Likewise, counting how many ASCII 9’s there are isn’t testing the distribution of A’s and B’s.
[QUOTE= Geoffrey K. Pullum]
The number of 9-letter sequences over the alphabetic characters a to z is 5,429,503,678,976 (and as that figure of 5.5 trillion is being mentioned in the press stories, it looks like he’s ignoring spaces, punctuation, case, fonts, paragraph breaks, etc., but what the heck, let’s pretend Shakespeare’s work is a bunch of strings over {a b c d e f g h i j k l m n o p q r s t u v w x y z}). There are a few scientific curlicues in the way Anderson does things, but basically he just takes random 9-grams and does a fixed-string search over the Shakespearean corpus to see if he has 9 more letters he can mark off as done.
[/QUOTE]
Every two digits are used to create an ASCII value. That means possible ascii values 0-99.
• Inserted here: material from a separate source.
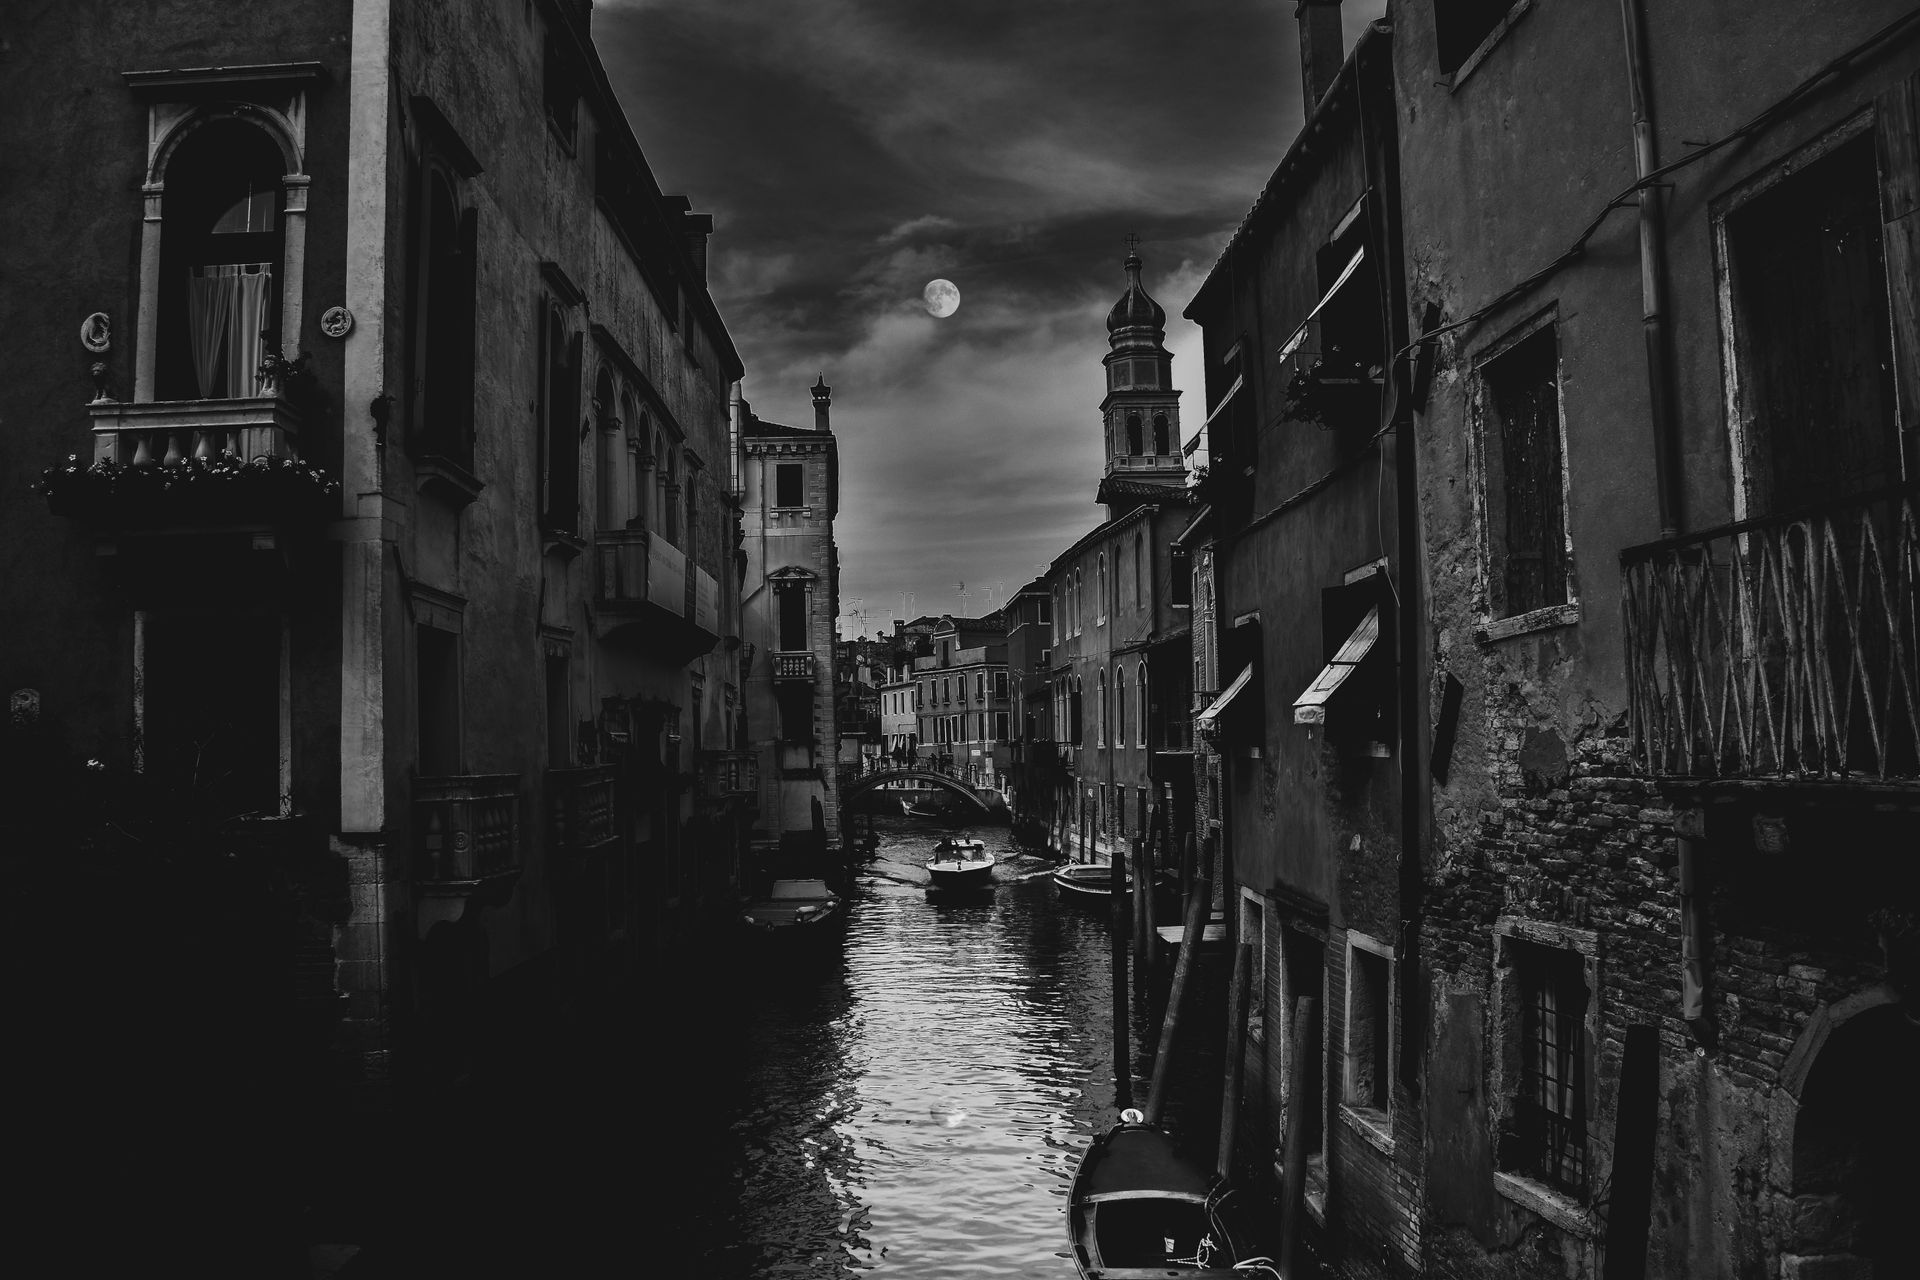 Scopri “Mysterious Venice” e vivi Venezia con un’esperienza unica creata per te da Palazzina Grassi.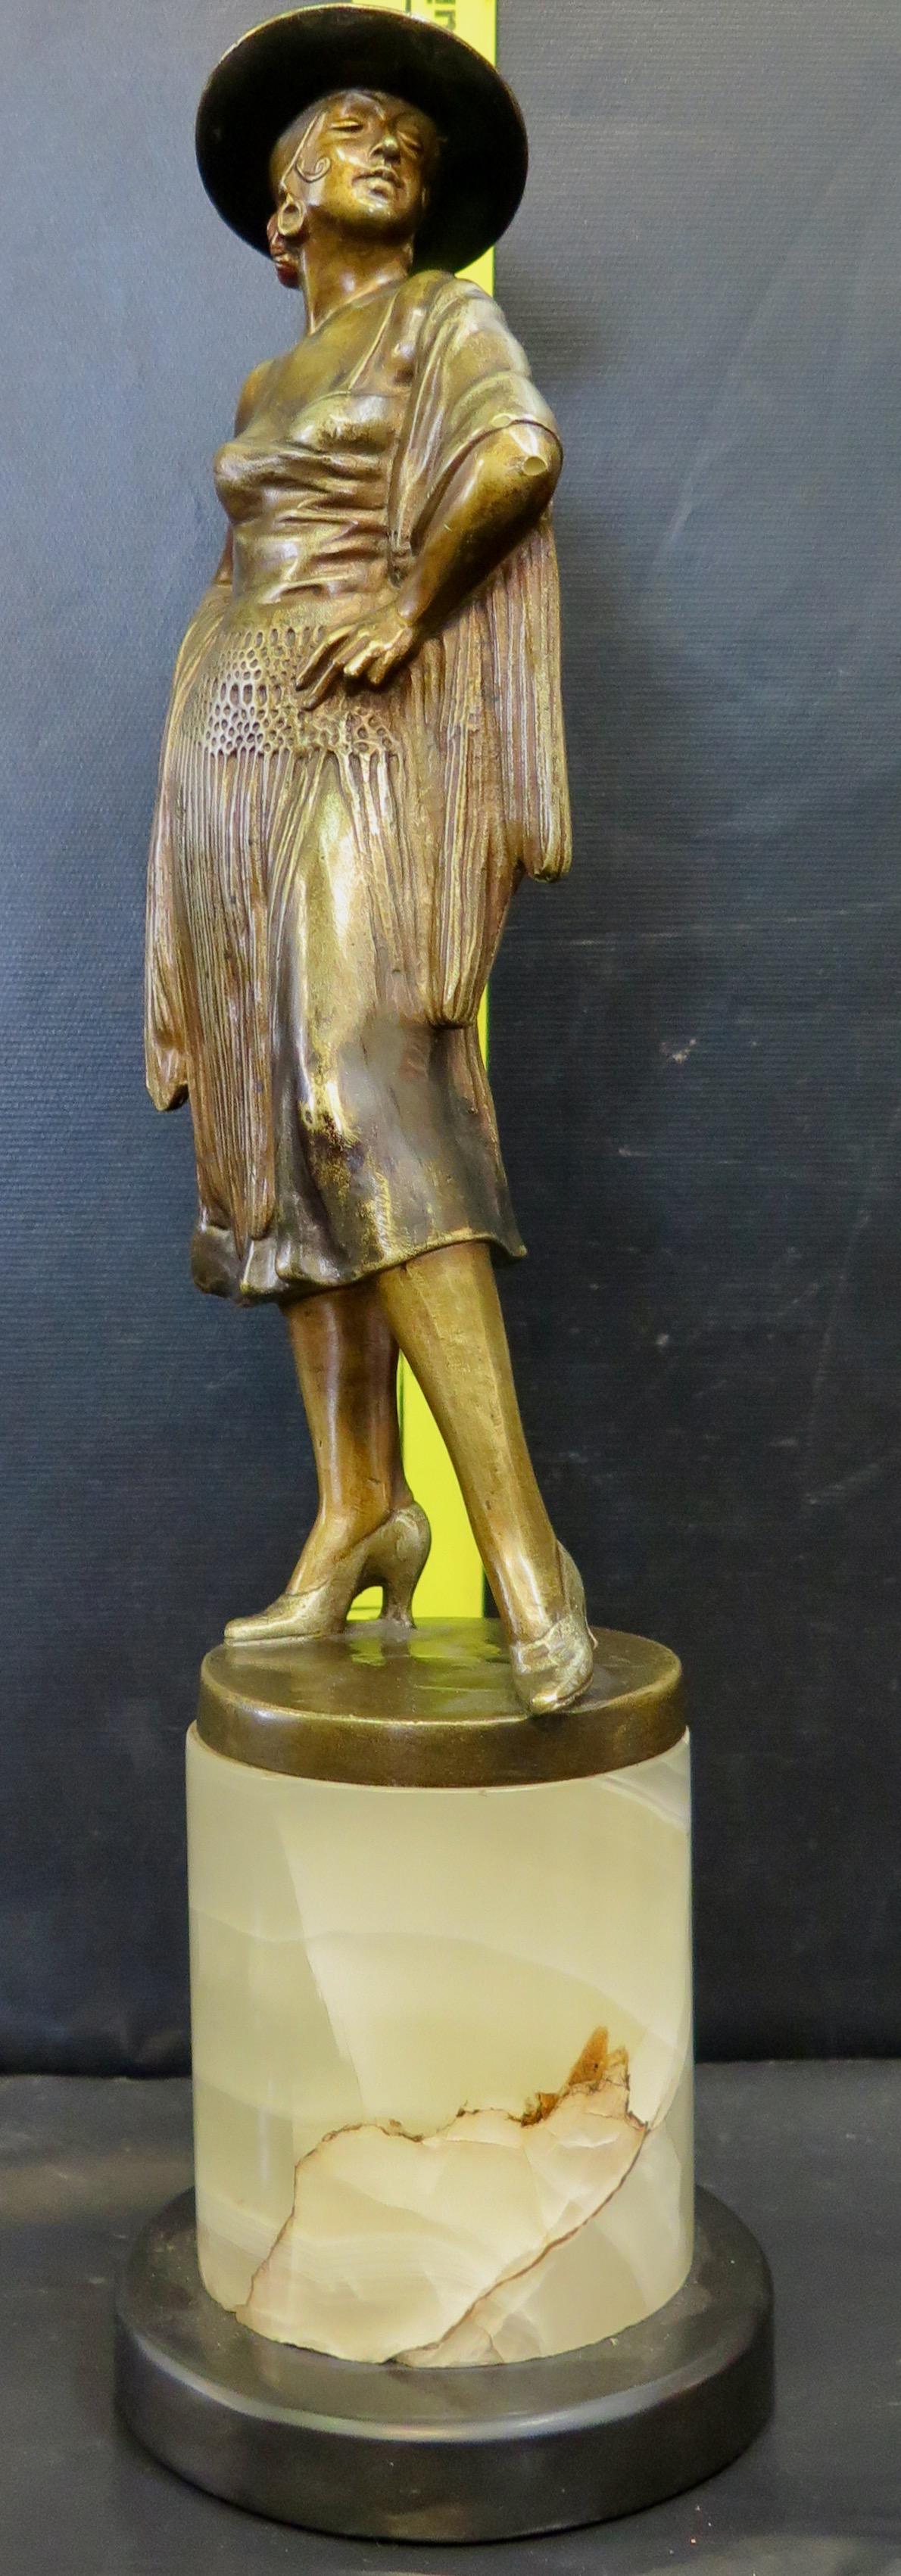 Eine beeindruckende Skulptur aus patinierter Bronze im Art-Déco-Stil. Es handelt sich um die Statue einer wunderschön kostümierten und detaillierten Flamenco-Tänzerin, die einige kalt gemalte Elemente enthält. Die Bronze stammt von Bruno Zach (alias

However, ASCII codes 00 to 31 are non-printing. For these values I used the IBM PC extended ASCII set (which is the default on Windows PCs). I saw this as preferable to printing nothing, or spaces.
Yeah, I briefly read the original article upthread, and what Jesse Anderson is doing can only very, very charitably be described as “a million monkeys at a million typewriters banging out the works of Shakespeare.” It’s not at all in the spirit of the thought experiment (or whatever you want to call it.)
I’m not a coding expert, but how about every two digits represents a letter? 01-26 is A through Z, then 27-52 is A through Z, then 53-78 is A-Z, and 79-00 is A-V. That means you have a slightly lesser chance of seeing W-Z, but I would think it would make it easier to find words then using all of ASCII.
Can anyone try this, and see how soon we get “tobeornottobe”, or some other interesting phrase?